# Exercise goal
Go through the listing below and output exactly the line with "Виктория Лопырева фото", the line with "Le prix German", and each line between; omit the rest.
[Material provided Boundary: Start]
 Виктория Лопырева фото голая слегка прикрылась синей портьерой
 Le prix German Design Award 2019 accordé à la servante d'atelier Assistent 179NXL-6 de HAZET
[Material provided Boundary: End]
[Material provided Boundary: Start]
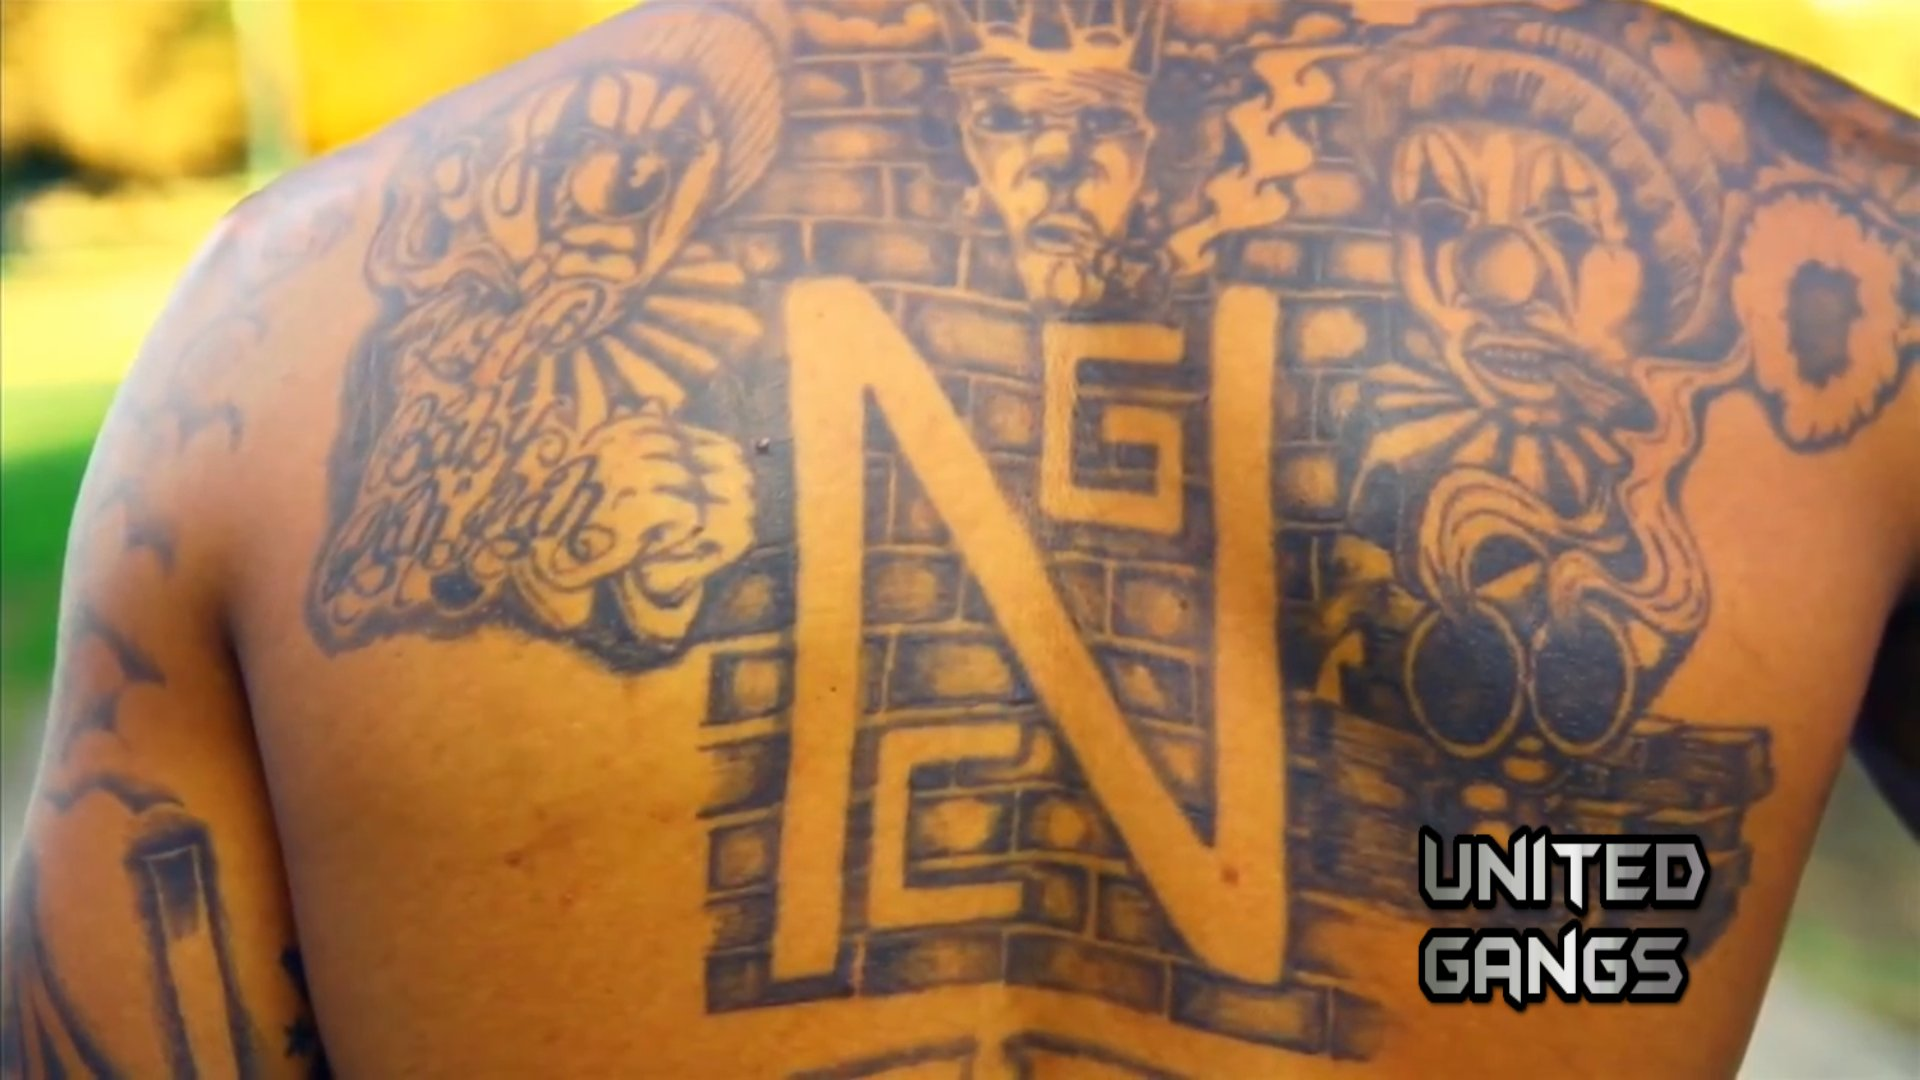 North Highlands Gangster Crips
[Material provided Boundary: End]
[Material provided Boundary: Start]
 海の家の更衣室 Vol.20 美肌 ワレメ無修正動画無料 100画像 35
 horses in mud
[Material provided Boundary: End]
# Expected answer
 Виктория Лопырева фото голая слегка прикрылась синей портьерой
 Le prix German Design Award 2019 accordé à la servante d'atelier Assistent 179NXL-6 de HAZET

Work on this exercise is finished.